Прибежавший последним, пожилой мужик с погонами старшего прапорщика снял из-за спины и положил на скамейку карабин Симонова, скинув серую куртку остался в тельнике. Адам, хоть и не помнил ничего, но почему-то знал, что это полный разброд и бардак. На ум приходили чьи-то слова, про «безобразно, зато единообразно». А тут единообразием, вообще не пахло.
— Ну чего, взял? -спросил старлей пожилого прапора, — А то я тут, уже извелся весь.
— А то! Михалыч, семь бутылок настоящего «жигулевского» урвал. Как знал, с собой сухой рыбешки взял. -растянул рот в улыбке прапор и протянул старлею тяжелый и брякающий стеклом вещмешок, — Так что, весело поедем. У вас-то, чего? Спецуху получили, а паек?

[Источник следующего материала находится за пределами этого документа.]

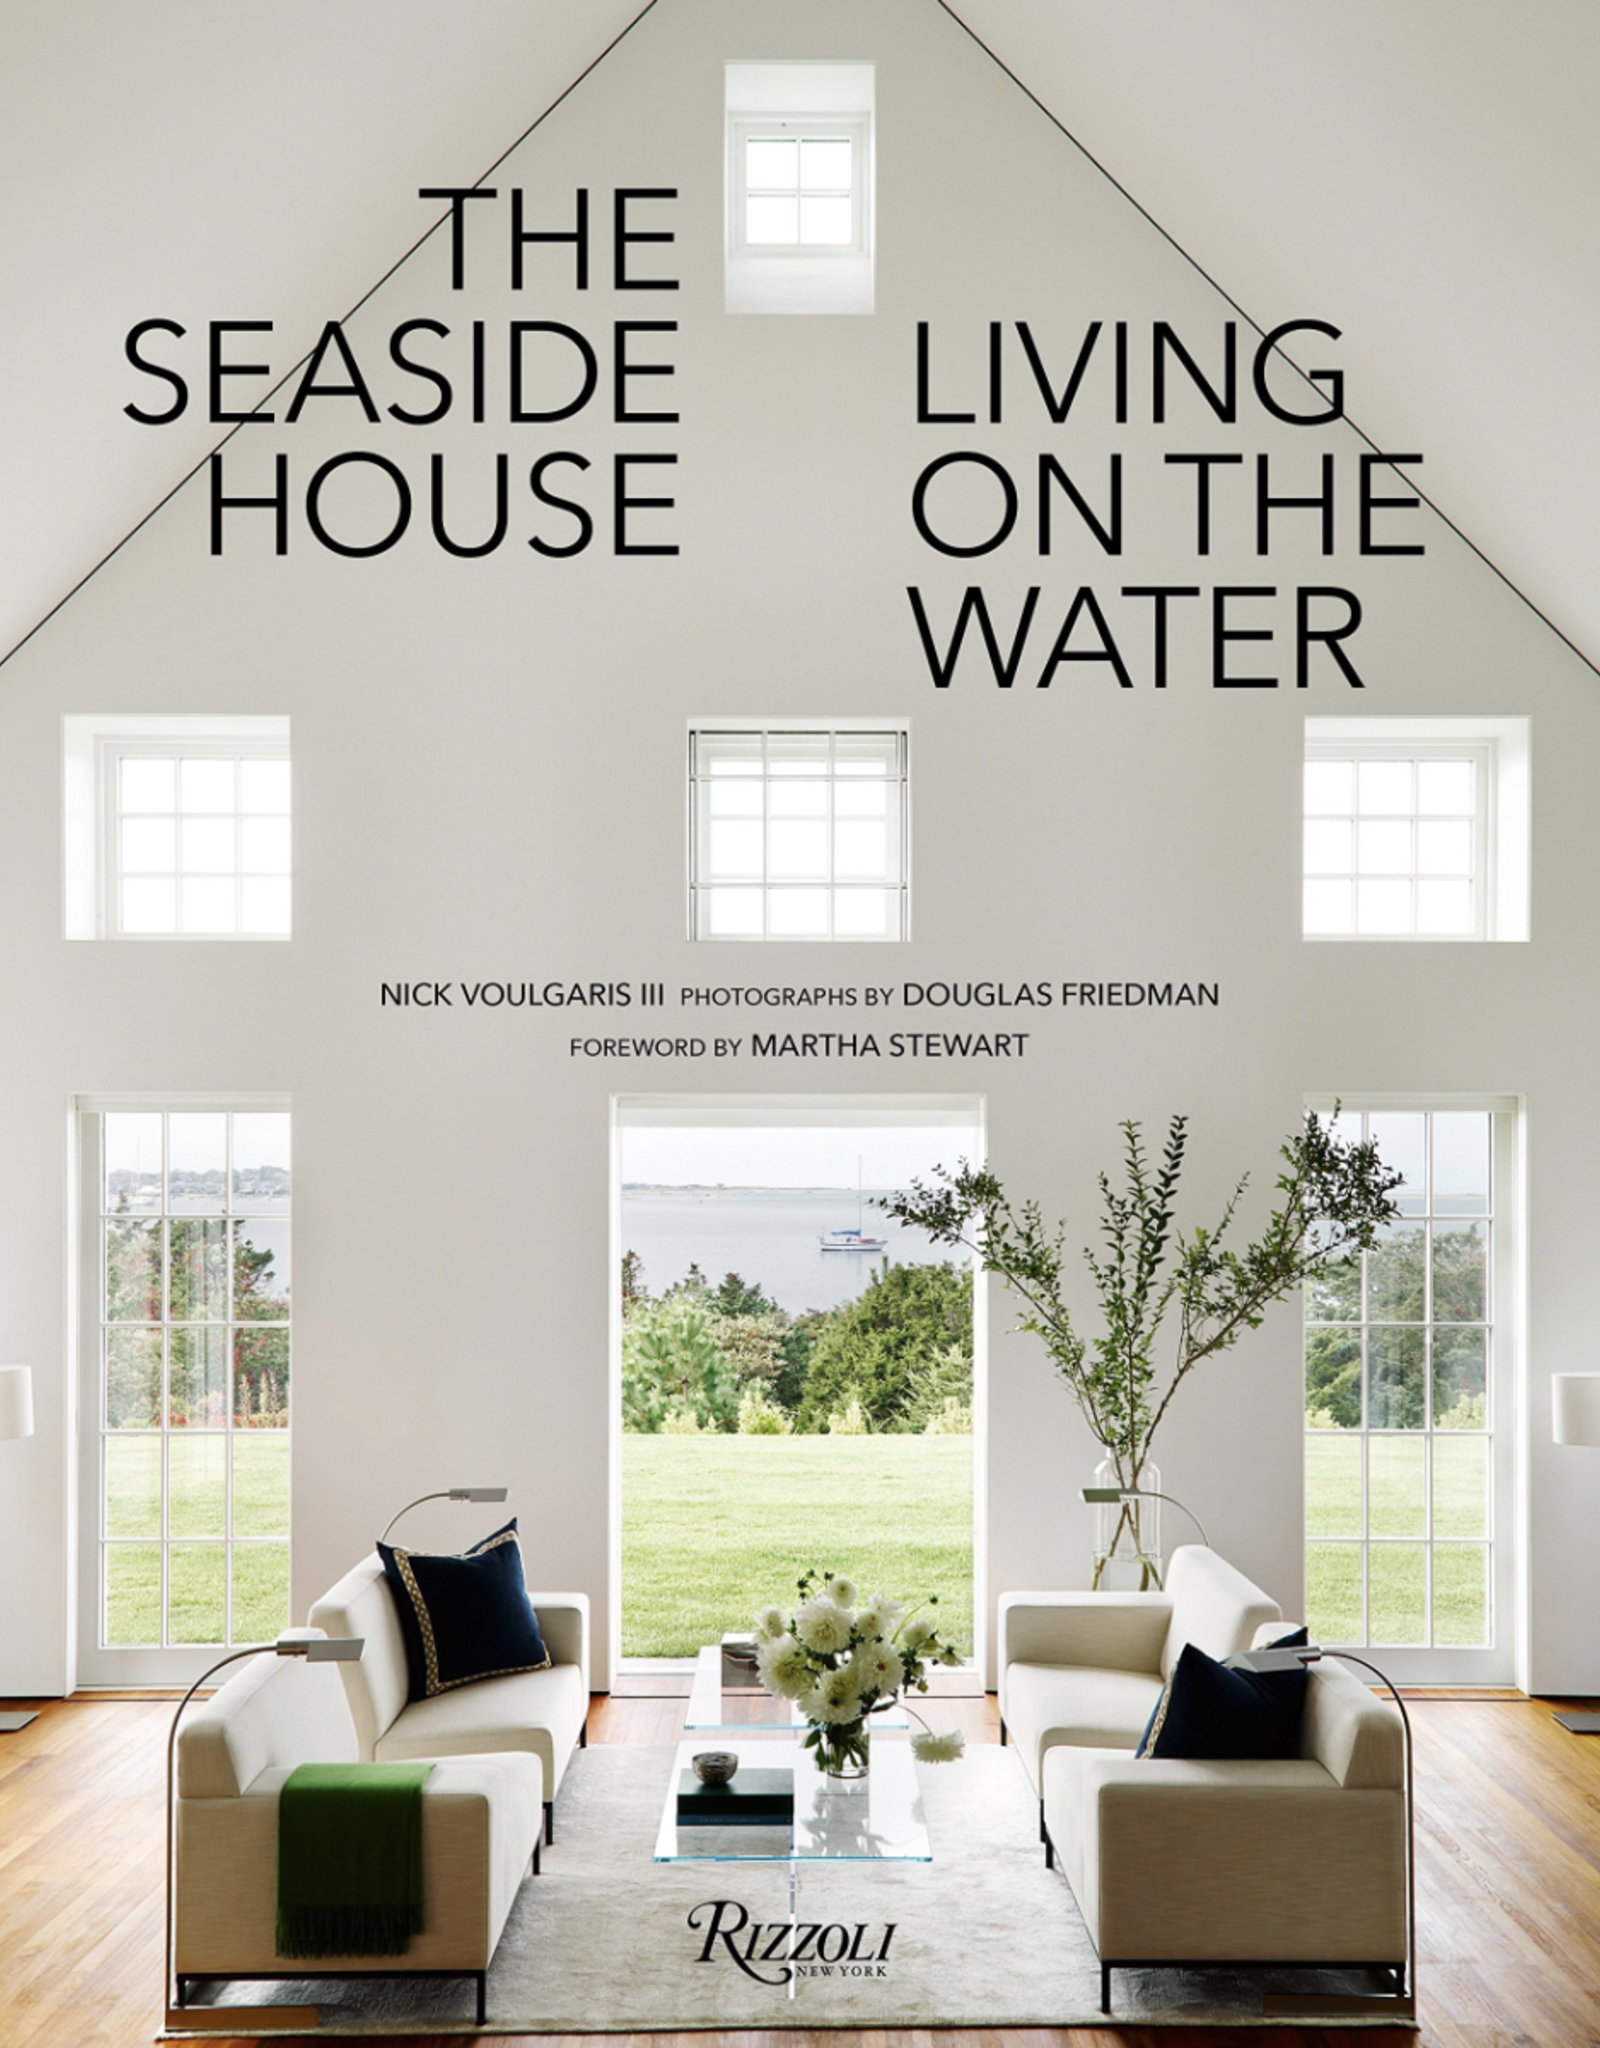 The Seaside House - Living on the Water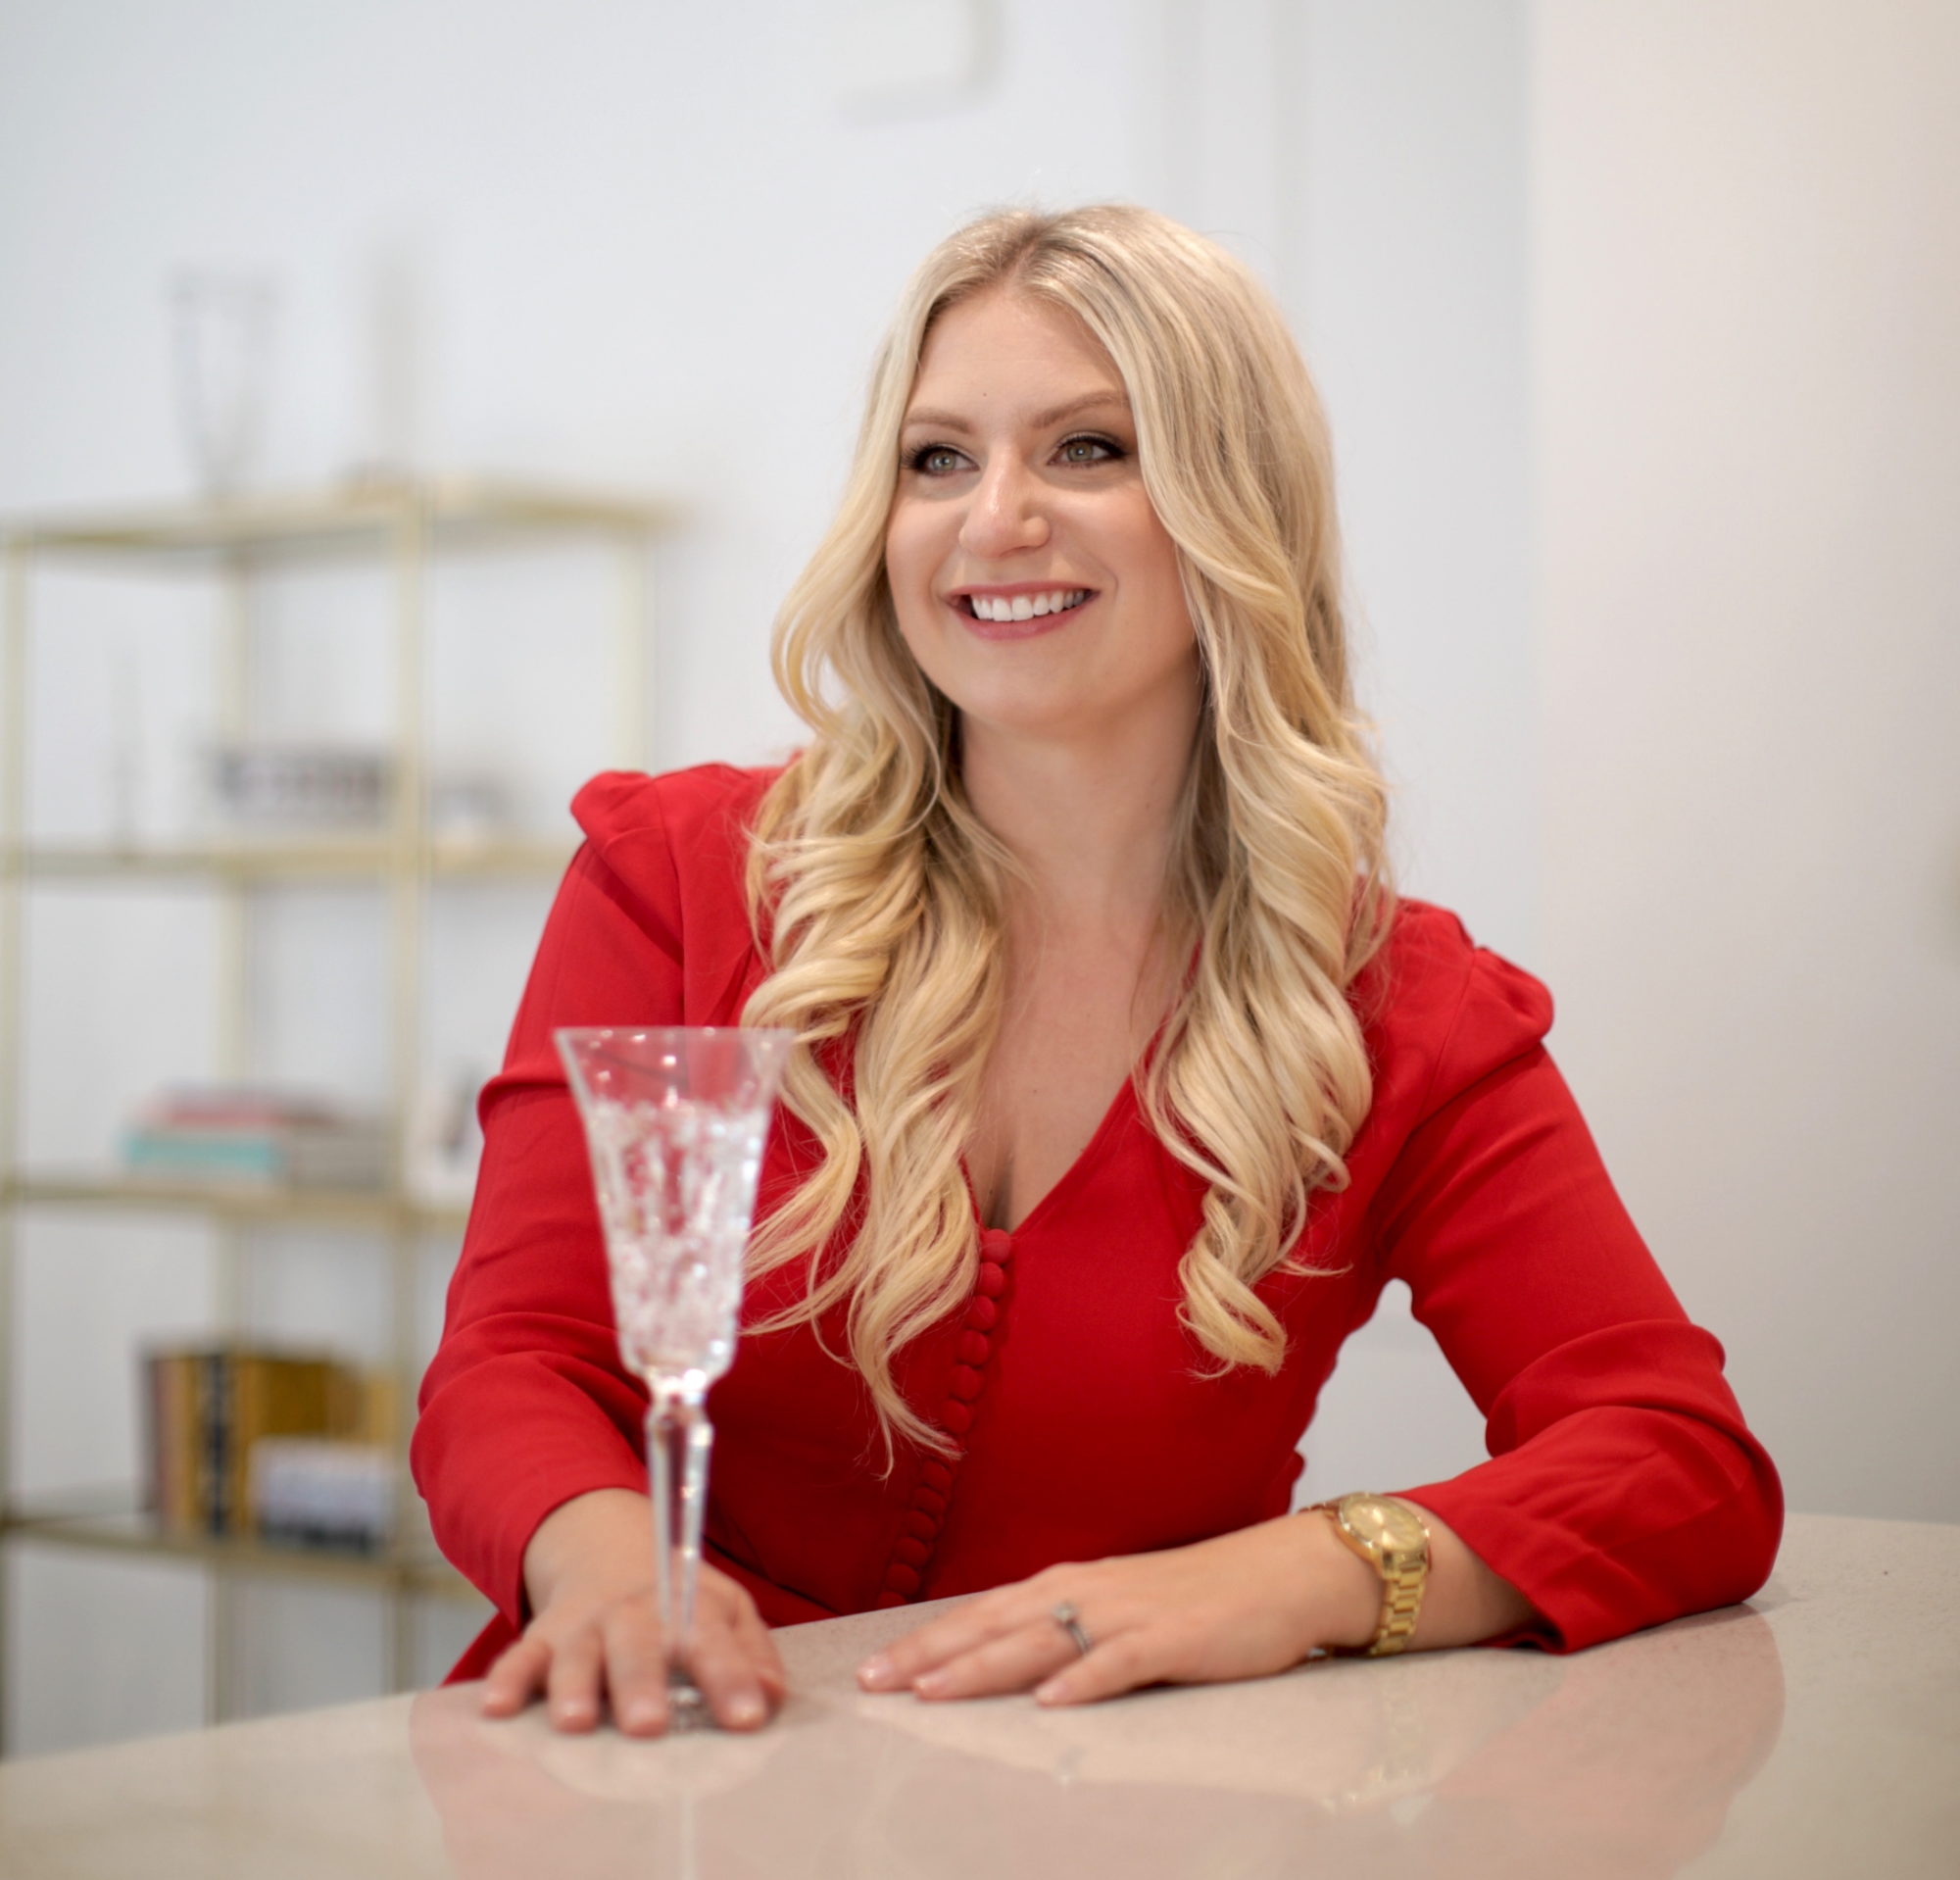 Emily Williams holding a champagne glass and wearing a red blazer

— Хрен пайка, -мотнул головой старлей, -только взаиморасчетом за пиломатериал — четыре мешка крупы, мешок сахару и четыре коробки тушняка выдали. А… вон чай еще, -показал он на большую картонную коробку.
— Ну и то хлеб!
— А вот муки у них тоже нет, так что эту неделю еще на сухарях посидим. Хотя, навигация открылась пару недель назад, думаю продукты нам уже по реке закинут.
— Да и к лучшему, -кивнул прапорщик, -не доверяю я асинским, эти как минимум половину нашего закроят. Лучше уж по реке сами получим.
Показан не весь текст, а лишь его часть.